It’s far from perfect though. These are some of the more difficult aspects that I struggled with while setting this up:

  • Steps run in order and the whole things stops when one fails. Normally this is what you want in your build pipeline. The exception is some kind of “clean up step” or steps that should run at the end whether it succeeded or not. You can hack this by making the deploy step basically always succeed (with an || true in the shell script). But that means that we don’t get notifications when it fails. You can work around that by writing that status to a file, doing the “cleanup” steps, and then having another step to set the overall build status based on that afterwards. That’s getting really complicated though and it would be simpler if they just had first-class support for the equivalent of a finally clause.
  • Similarly, all the steps in the config run in order or they don’t.
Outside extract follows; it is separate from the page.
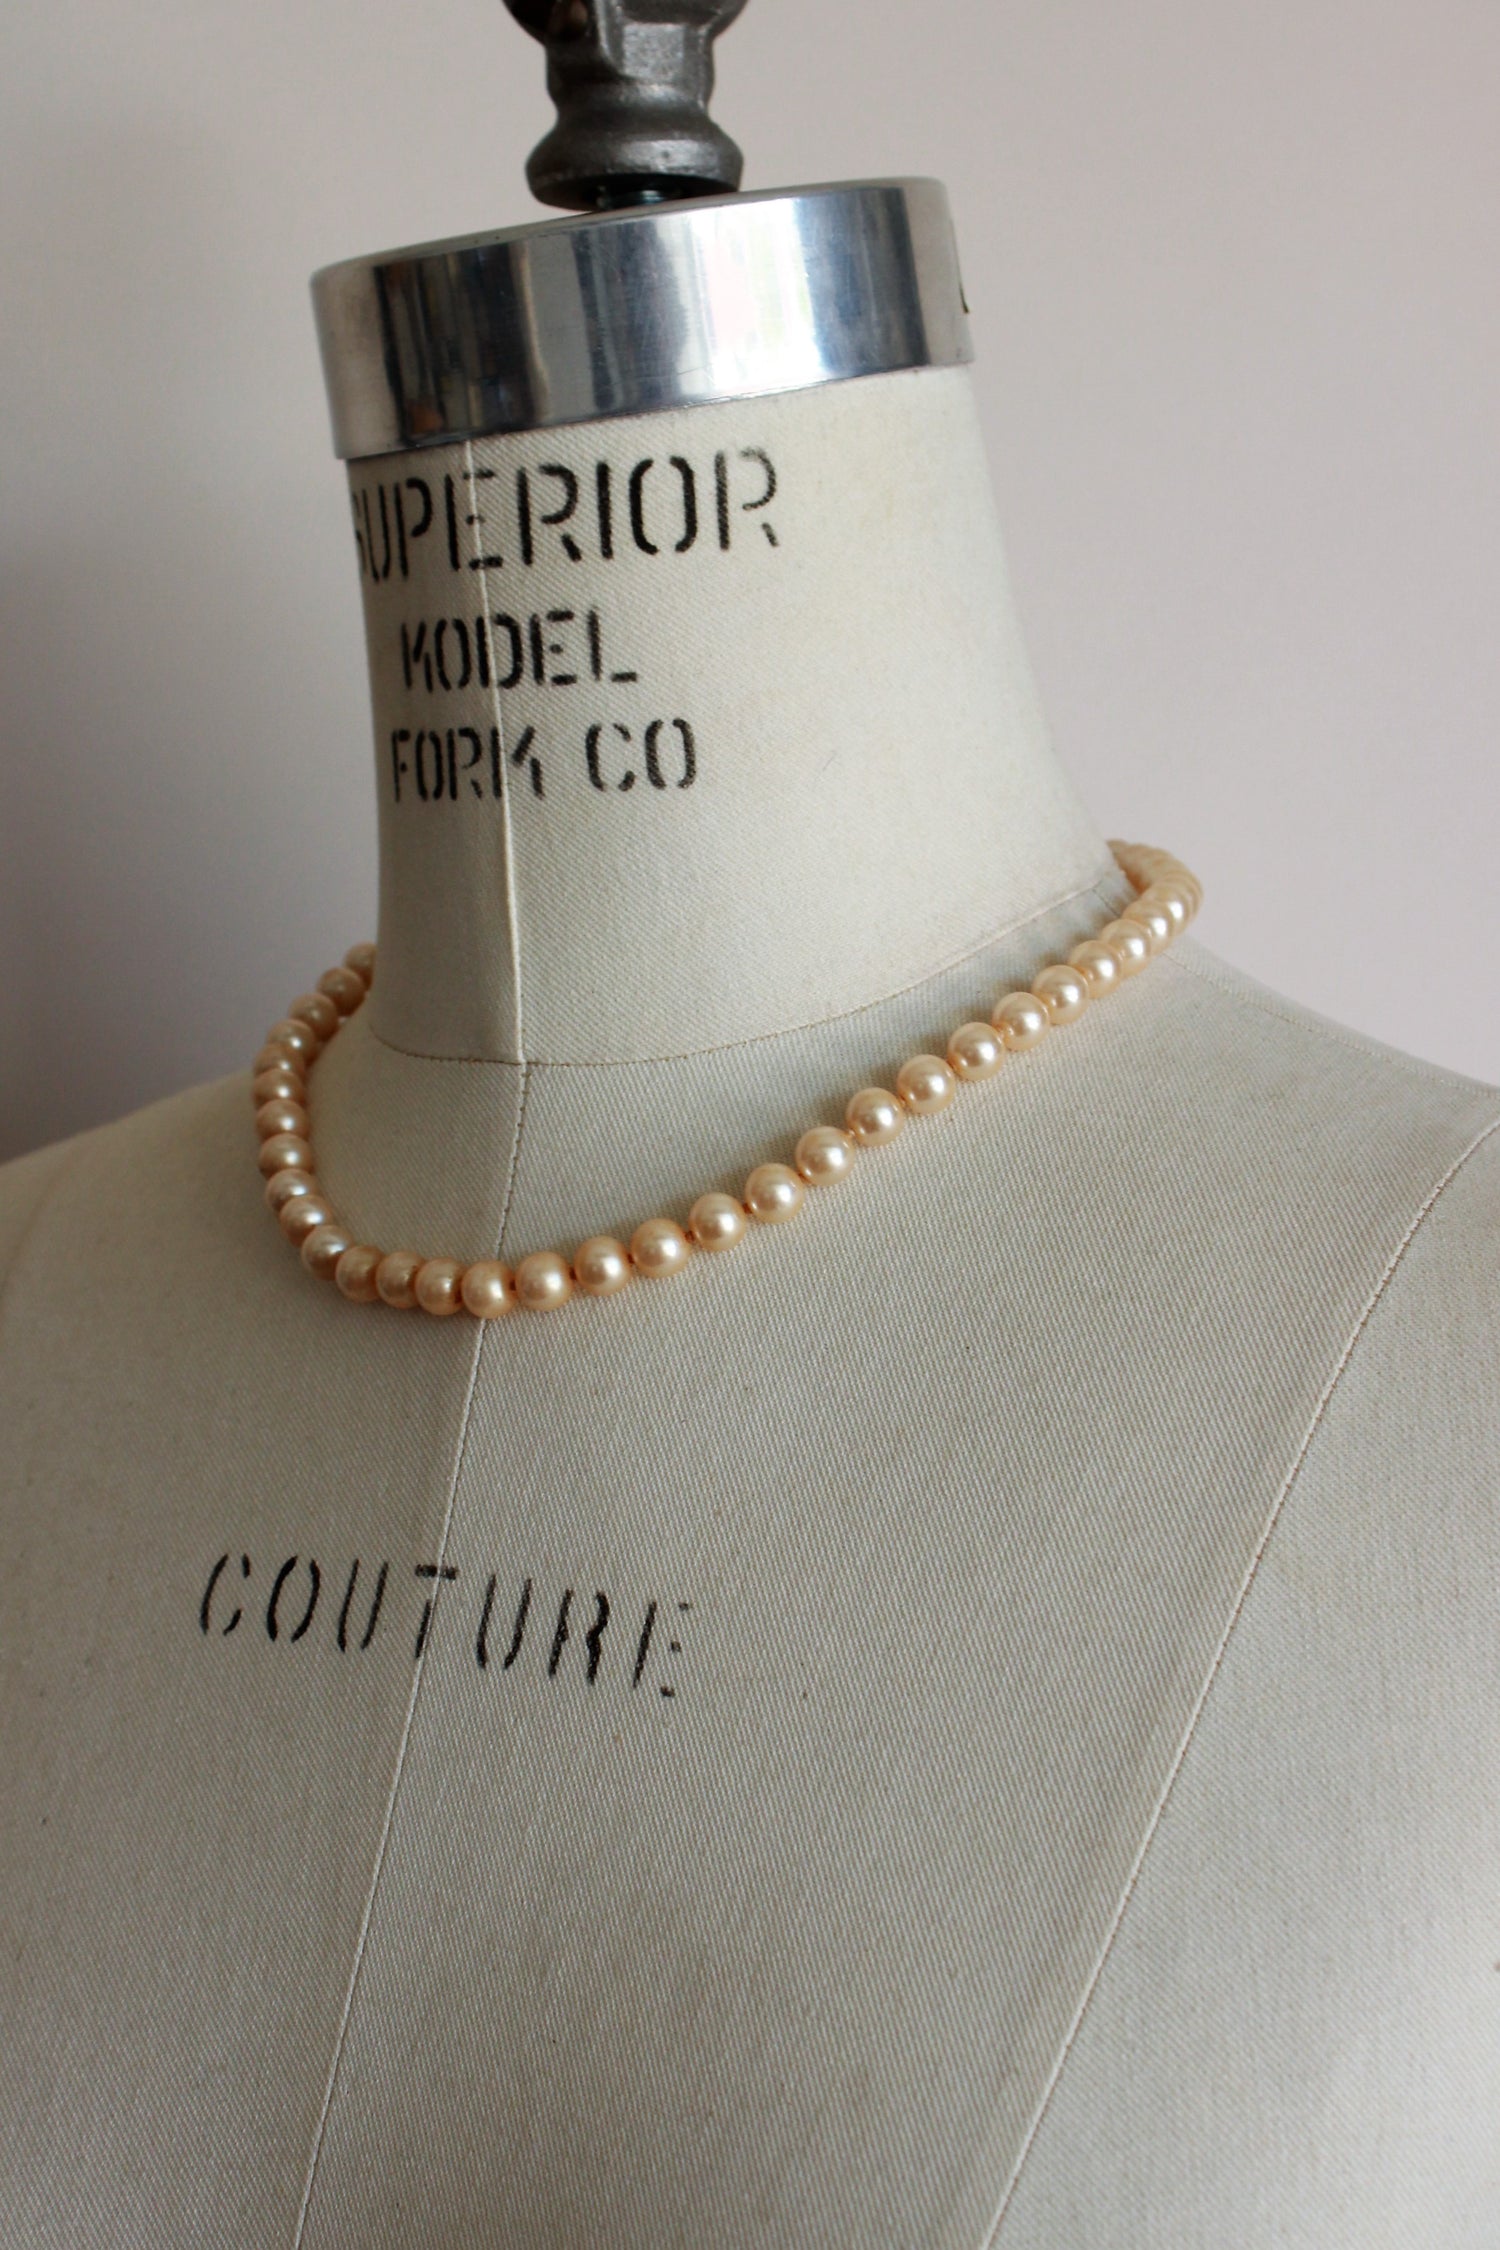 Vintage 1950s Faux Pearl Necklace

There is no way to conditionally run a step. This becomes annoying if you want to have different triggers to do slightly different things. Eg, building and testing on every commit but only deploying when it’s a push to a certain branch. Currently, you would have to have separate triggers and cloudbuild.yaml configs for each of those instances. That wouldn’t be too bad if there were also some notion of importing or including build steps. But currently, any overlap between the tasks would have to just be duplicated. There are at least a few issues for this in their issue tracker and it sounds like it’s coming “some day”.
  • you can put substituted variables into the arguments for a step, but nothing calculated dynamically. So args: [“${_ENVIRONMENT}-foo”] is good and you can end up with staging-foo or prod-foo, but there’s no way to map say staging to foo and prod to bar. On the Tahoe deploy, this is a small issue because our staging and prod database instances are not quite named consistently. The old deploy script had a little if/then to handle it, but for the Cloud Build, we had to add the semi-redundant instance name as a top level variable that is specified for each triggered build. I would also really like to be able to calculate a value in one step and use it as an argument in a later step.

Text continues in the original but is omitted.